Les politiques de désinvestissement ne recueillent pas l’adhésion des personnalités politiques. Pourtant, elles pourraient procurer des avantages financiers aux contribuables

Le 25 mai 2022, le Sénat de Californie (à majorité démocrate) a voté en troisième lecture le projet de loi SB-1173. Celui-ci prévoit que le système de retraite des fonctionnaires de l’État (CalPERS) et celui des enseignants californiens (CalSTRS) se départissent de leurs participations dans les sociétés de combustibles fossiles. Le 26 mai, le projet a été présenté, en première lecture, à l’assemblée. Puis, le 2 juin, il a été soumis au Comité de la fonction publique et des retraites de ladite assemblée. Mais, le 20 juin – la veille de l’audience –, son président, le démocrate Jim Cooper, a décidé de le retirer de l’ordre du jour du comité. Pour lui, le moment n’est pas venu d’envisager des propositions de désinvestissement de nature politique qui nuiront à la sécurité financière des systèmes de retraite californiens alors que de nombreuses personnes peinent à joindre les deux bouts.

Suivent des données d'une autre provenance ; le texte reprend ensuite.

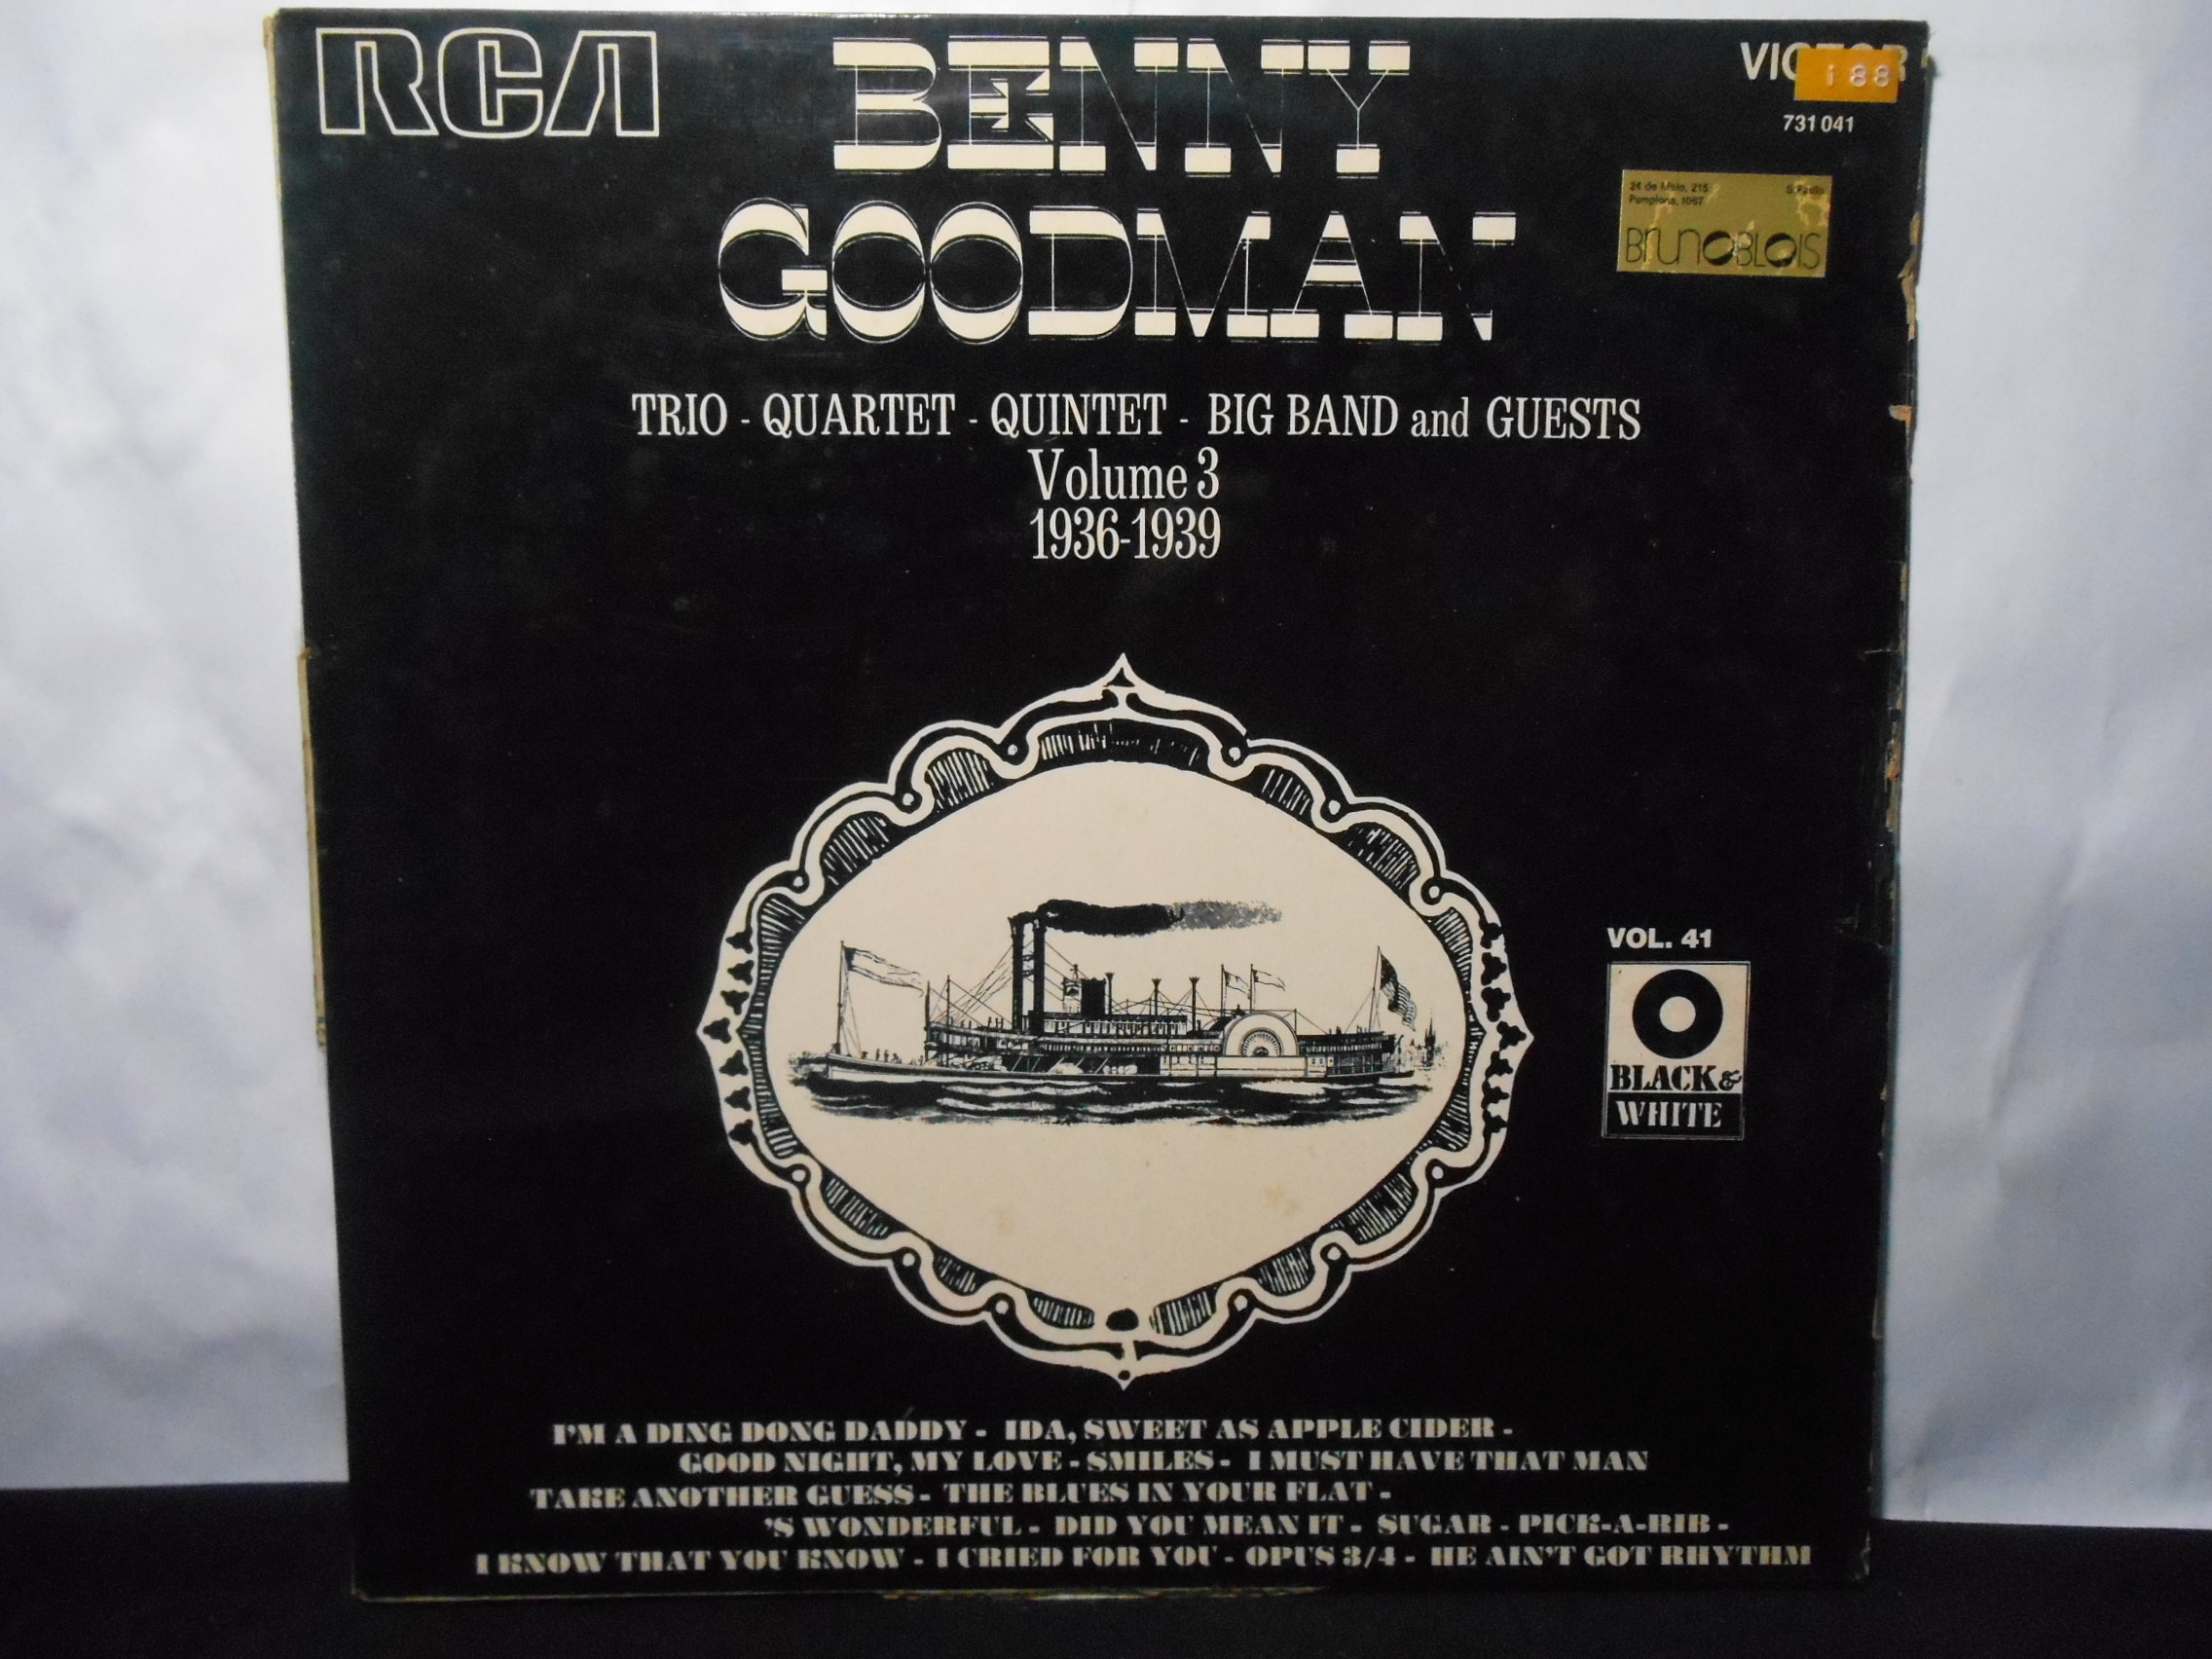 Vinil - Benny Goodman - Trio Quartet Quintet Big Band and Guests Volume 3 1936-1939 (France)

Les partisans d’une « approche politique » sont déçus et constatent que, même dans une Californie majoritairement démocrate où les personnalités politiques professent régulièrement le désir de lutter contre le changement climatique, le passage à l’acte est difficile. Ils remarquent aussi que Jim Cooper est l’un des rares démocrates de l’assemblée à bénéficier de dons de l’industrie des combustibles fossiles. Entre janvier 2021 et mai 2022, il a ainsi collecté de la part de ce secteur 36 350 dollars de dons, selon les données compilées par l’association Sierra Club. Cela étant, la coalition qui soutient le projet de loi sur le désinvestissement des pensions a déclaré qu’elle plaiderait pour l’introduction d’une législation similaire dès l’année prochaine. Jim Cooper, qui a remporté les élections pour le poste de shérif de Sacramento, ne devrait alors plus siéger à l’assemblée.

Parallèlement, une étude publiée le 7 juin 2022 montre qu’une politique bannissant les sociétés financières qui boycottent les « industries fossiles » peut coûter cher aux contribuables. Le document, intitulé Gas, Guns and Governments: Financial Costs of Anti-ESG Policies, a été rédigé par Ivan Ivanov, économiste principal à la section des institutions financières systémiques et des marchés de la FED (la réserve fédérale des États-Unis), et Daniel Garrett, professeur de finance adjoint à l’université Wharton de Pennsylvanie.

Les lois anti-ESG texanes SB13 et SB19 sont entrées en vigueur le 1er septembre 2021. Elles interdisent aux fonds de pension de l’État d’investir dans des sociétés financières qui pratiquent l’exclusion des entreprises impliquées dans les énergies fossiles, et aux « entités gouvernementales » de conclure des contrats avec des groupes qui « discriminent » l’industrie des armes à feu et des munitions. Les auteurs de l’étude montrent que les lois SB13 et SB19 ont entraîné la sortie brutale de l’État de cinq des plus importants souscripteurs d’obligations. Cela a causé un affaiblissement de la concurrence, une restriction de l’accès aux réseaux nationaux de placement d’obligations des grandes banques désormais absentes du marché et, de fait, un impact négatif sur le coût des obligations. Les chercheurs ont analysé 234 849 émissions obligataires produites par 37 516 municipalités texanes entre janvier 2007 et avril 2022. De septembre 2021 à avril 2022, ils estiment que les municipalités texanes ont généré 31,7 milliards de dollars d’obligations. Au cas où ces titres resteraient en circulation jusqu’à leur échéance, ils évaluent que le montant des intérêts supplémentaires payés par les contribuables pourrait atteindre 532 millions de dollars.